The data scientist of the future is going to have to be AI literate. They’ll need to know what AI models can and cannot do so they can fill that gap. With some upskilling, good data scientists will be around for many more years.

As for businesses, it’s important to know the possibilities and limitations of AI in data analytics across various industries. Nowadays, you can easily add AI features to your software thanks to many GPT plugins and scripts.

But more importantly, you can add AI data analytics features too.
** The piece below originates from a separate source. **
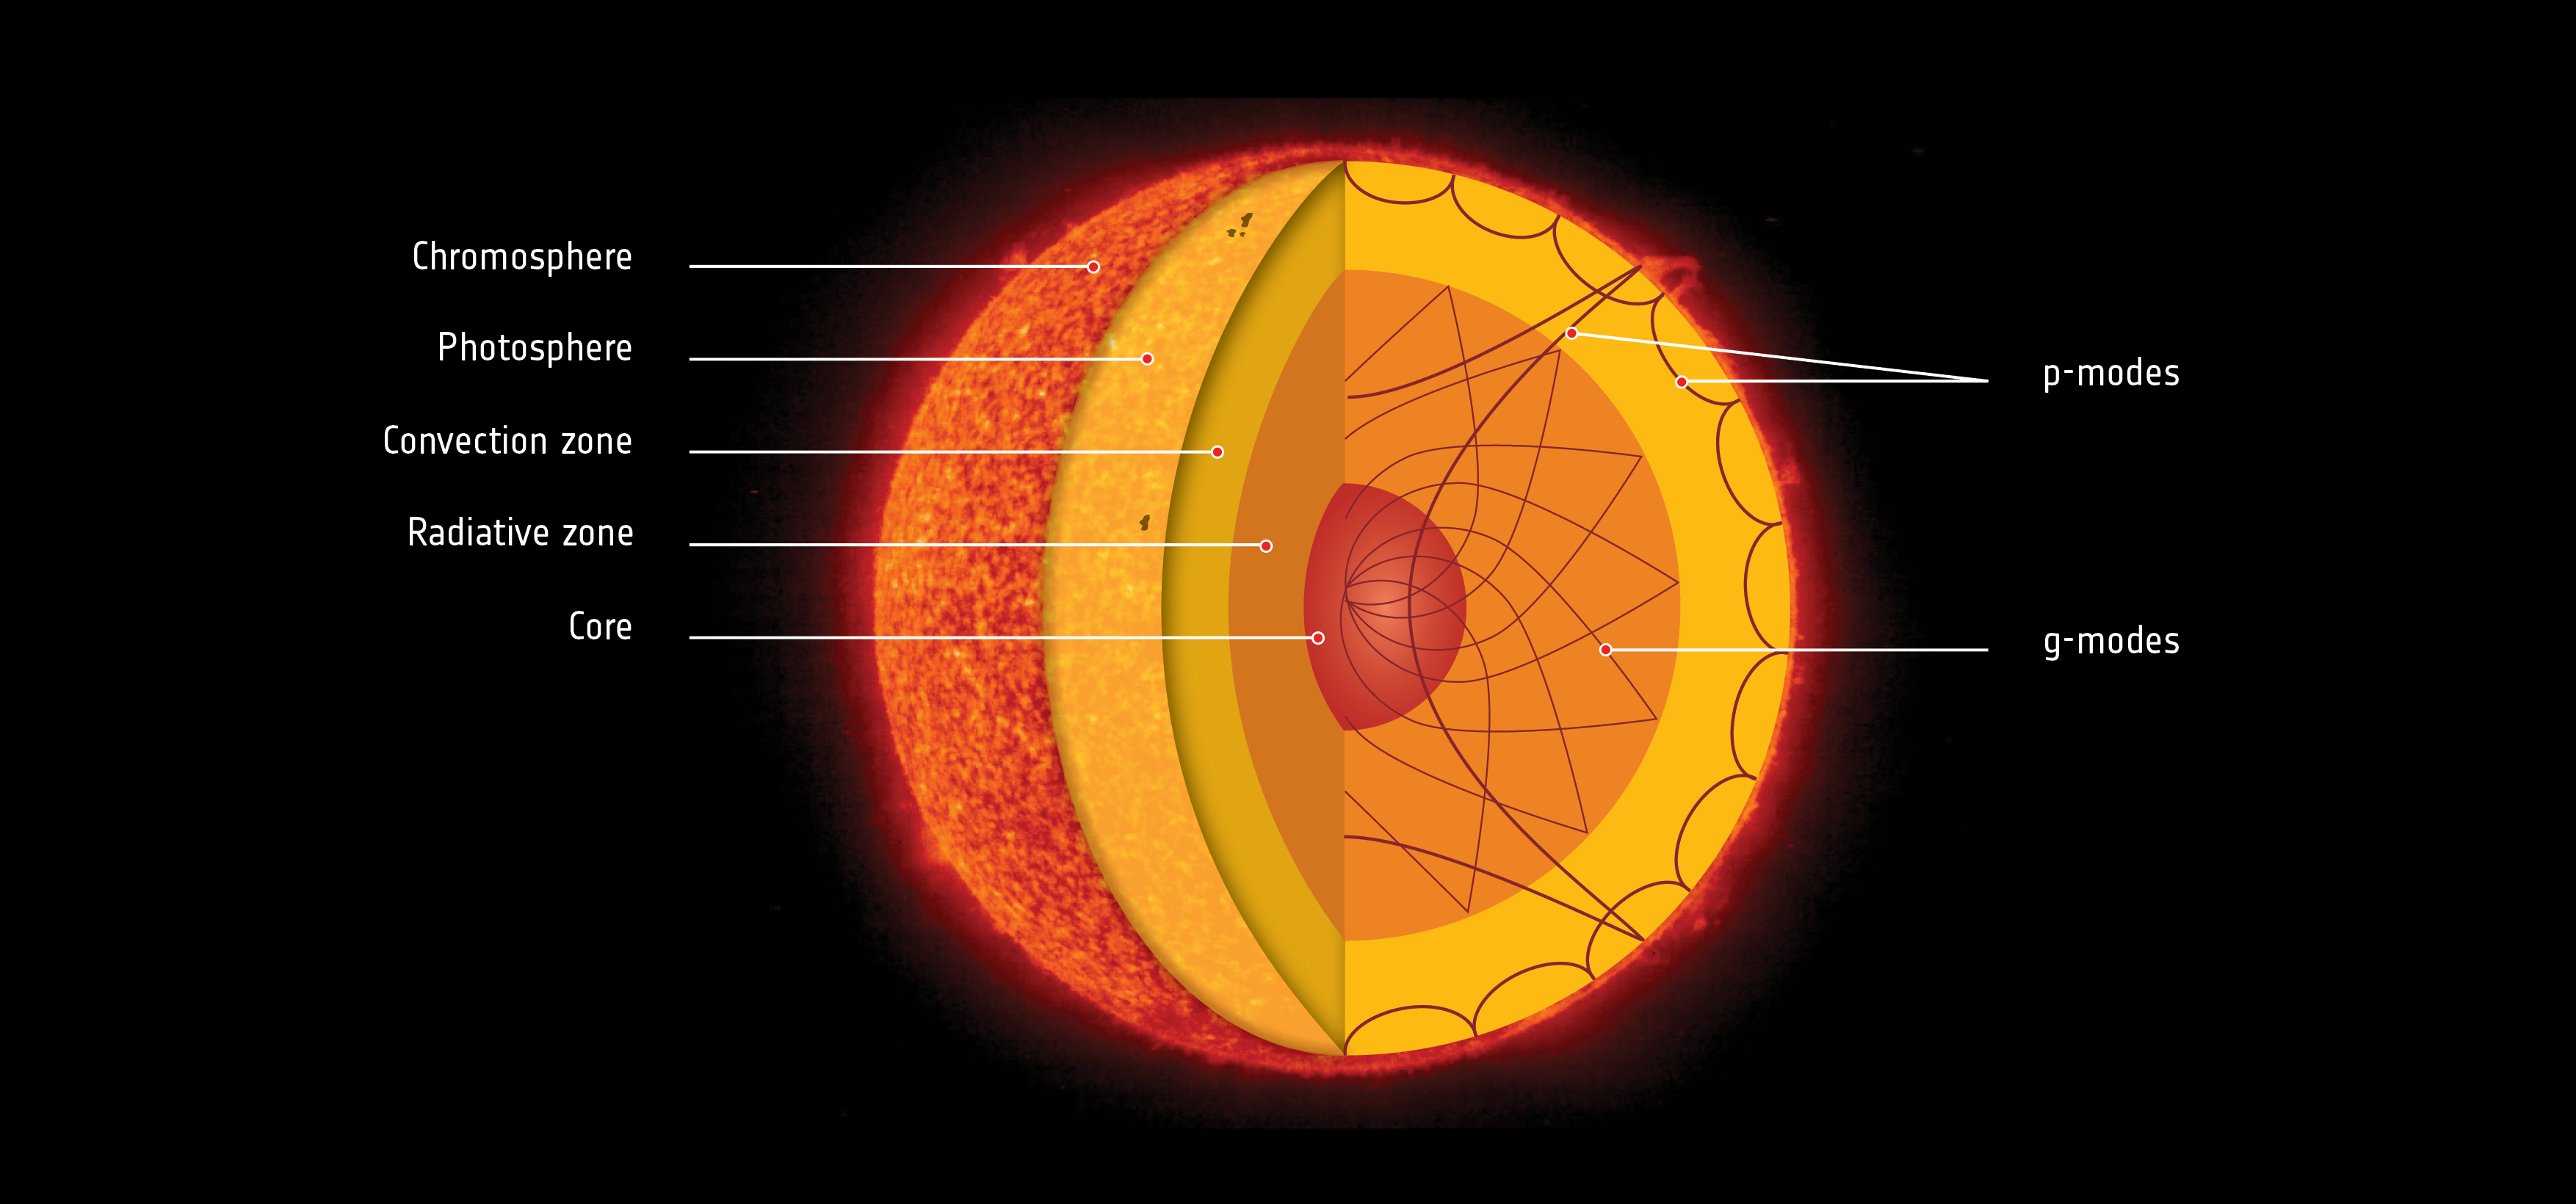 Soho reveals rapidly rotating solar core nasa cross section diagram of the sun pooptronica

Tools such as Luzmo let your end users create dashboards, and analyze and visualize data in easier ways, all in your own app. 

It’s our opinion that AI will make data analytics more available to the average software user. Instead of fearing complex tools such as Tableau or Microsoft Power BI, your app users will be able to add data sets and ask questions about their data. The results may not always be on the same level as having a team of data scientists, but it will be a major breakthrough for most users.

Give Luzmo a try

If you want to empower your end users and give them the possibility to analyze and visualize data with AI, you don’t have to spend six figures per year, learn Python or SQL or anything similar.

All it takes is signing up for Luzmo’s free trial and adding embedded dashboards in your software. You get a sleek, modern user interface while your end-users get the ability to explore, visualize, and learn from their data.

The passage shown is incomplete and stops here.